Lockyer boasts impressive scientific credentials as well. In 2006 he won the American Physical Society’s W.K.H. Panofsky Prize for measuring the lifetime of one of the smallest building blocks of the universe, the bottom quark.

Lockyer was born in Scotland and raised in Canada. He earned his undergraduate degree from York University in Toronto in 1975 and his PhD from The Ohio State University in 1980. After that, he spent four years at SLAC National Accelerator Laboratory as a postdoc working with Nobel Laureate Burton Richter, who directed SLAC from 1984 to 1999.

In 1984, Lockyer was hired as a professor of particle physics at the University of Pennsylvania and began work on the CDF experiment.
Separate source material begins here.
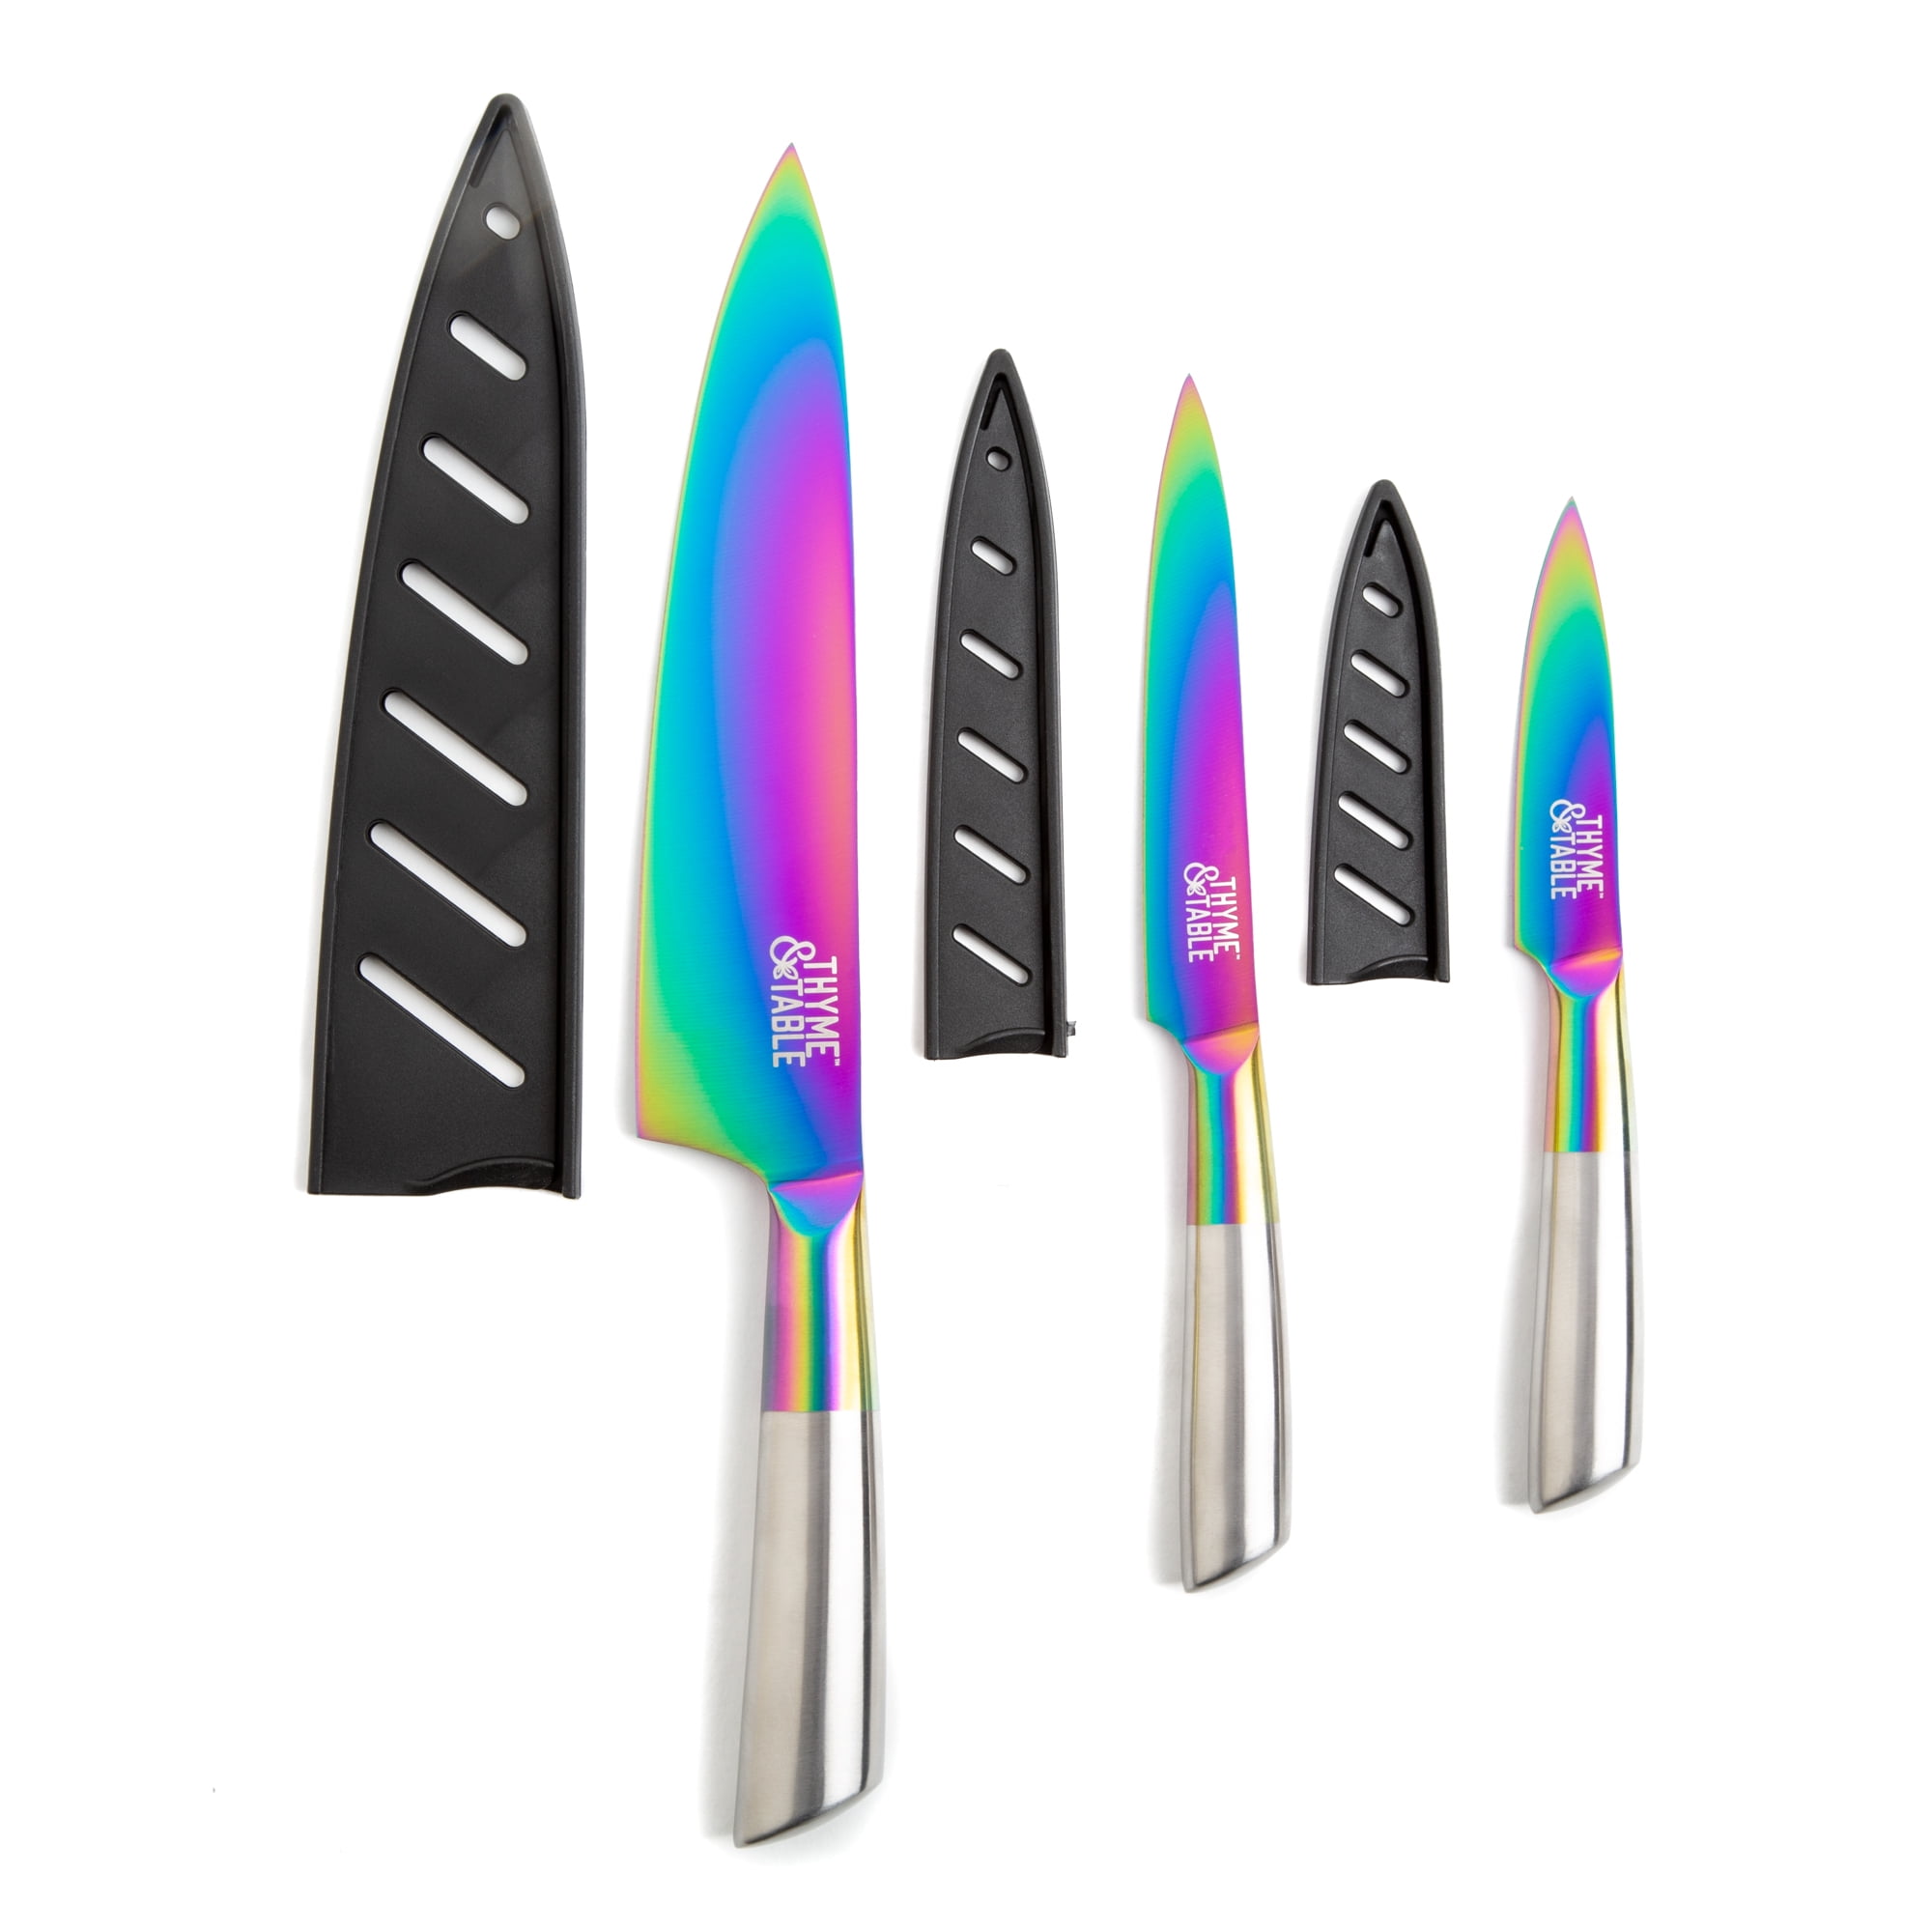 Farberware 11-piece Rainbow Iridescent Blades with Teal Handles and Sheath Titanium  Cutlery Set - Walmart.com

In Pennsylvania, he partnered with the Penn Medical School to work on applications of particle physics in cancer treatment. Lockyer became director of TRIUMF in May 2007 and has worked as a professor at the University of British Columbia during his tenure.

Even before Lockyer gets started at Fermilab, he will have the chance to help shape the future of US particle physics. He will take part in the field’s long-term planning process, a major component of which will take place in Minneapolis in August. But he’s most looking forward to moving the science ahead, he says.

“I would like to help articulate the vision for the US particle physics community, get everyone on board and get started,” he says.